Segment Start: SUPPLIED INFORMATION

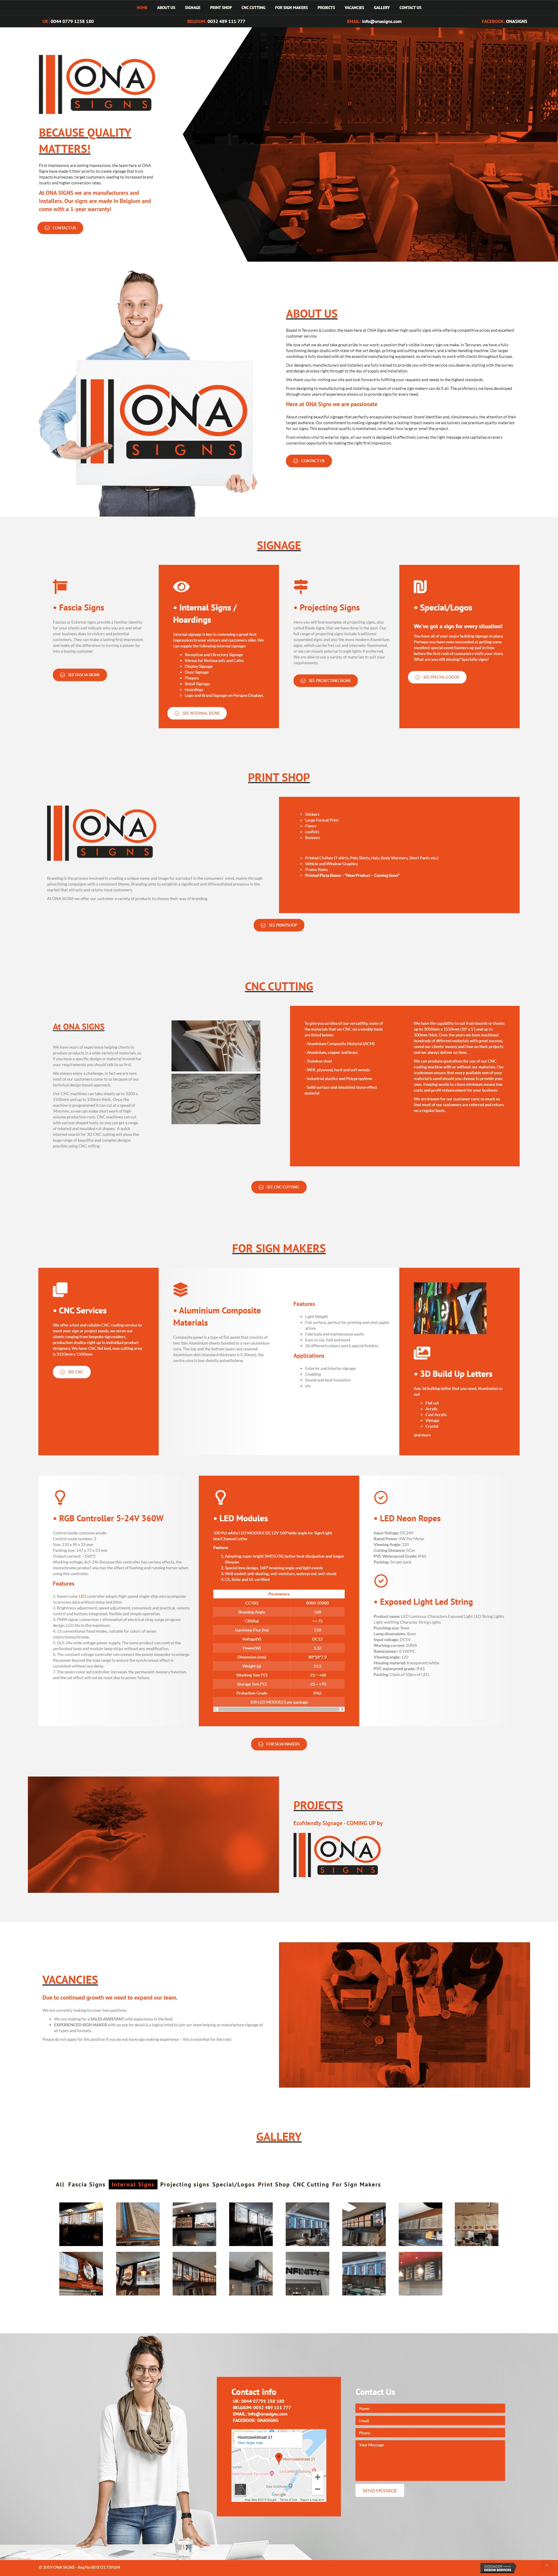 screencapture-onasigns-desktop
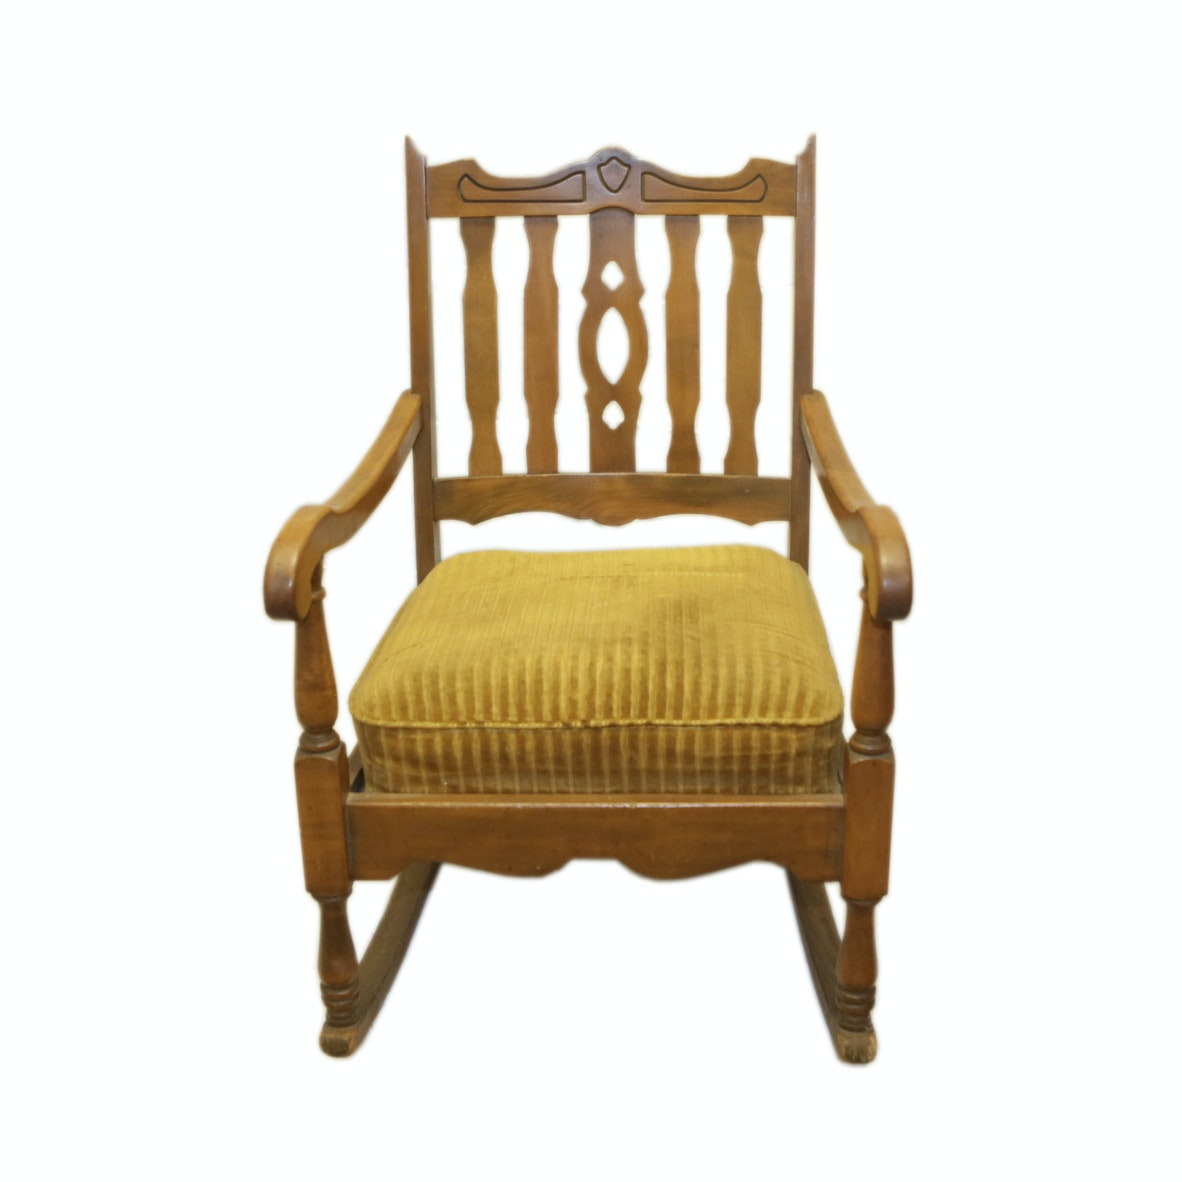 Vintage Slat Back Rocking Chair
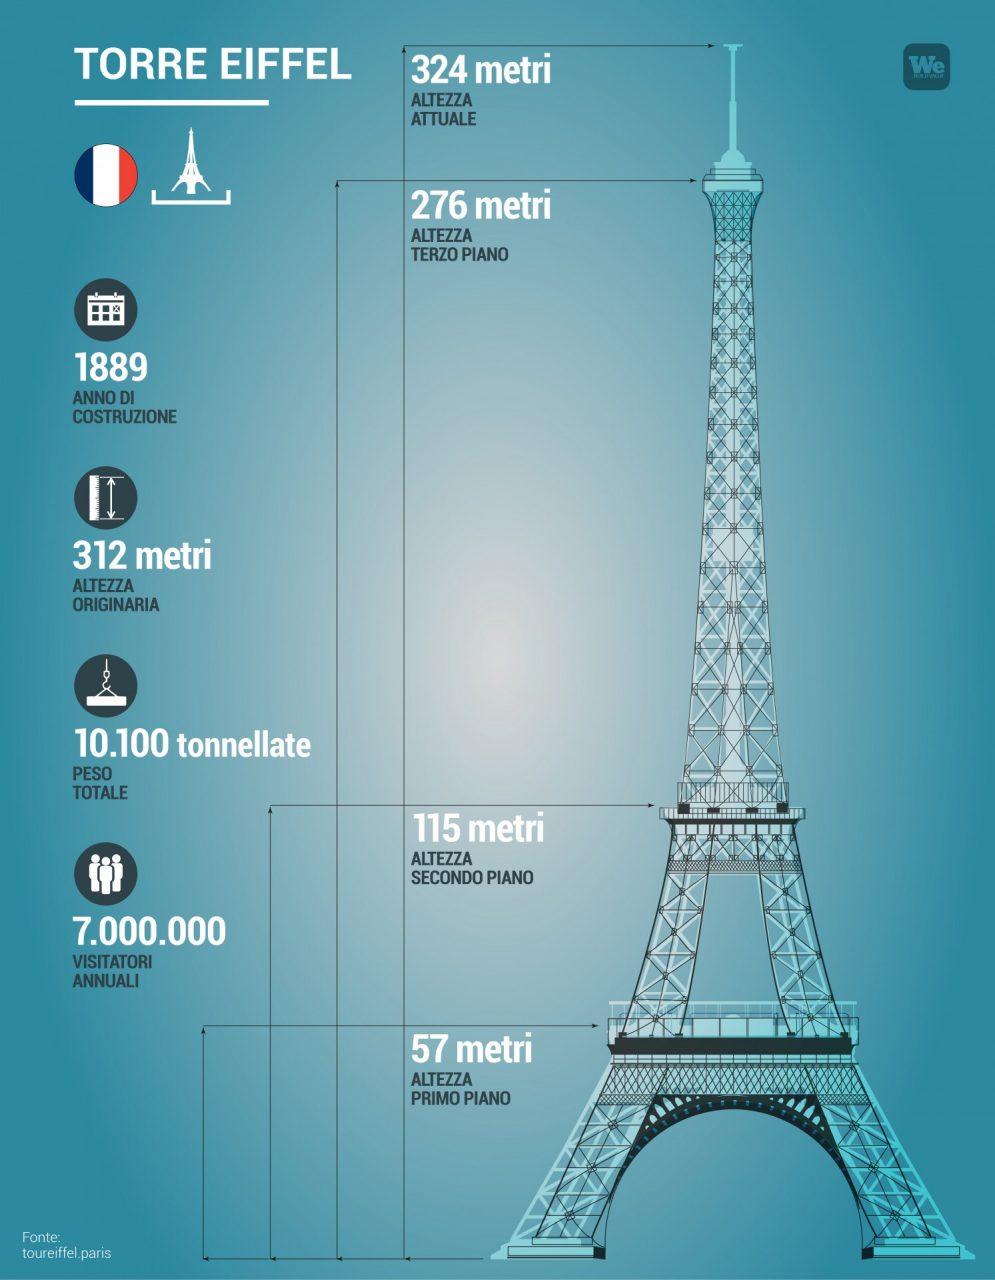 Infografica della Tour Eiffel con anno di costruzione, altezza e altre info

Segment End: SUPPLIED INFORMATION

TRY IT: Repeat the data exactly, without the pictures.

ANSWER SPACE:
 screencapture-onasigns-desktop
 Vintage Slat Back Rocking Chair
 Infografica della Tour Eiffel con anno di costruzione, altezza e altre info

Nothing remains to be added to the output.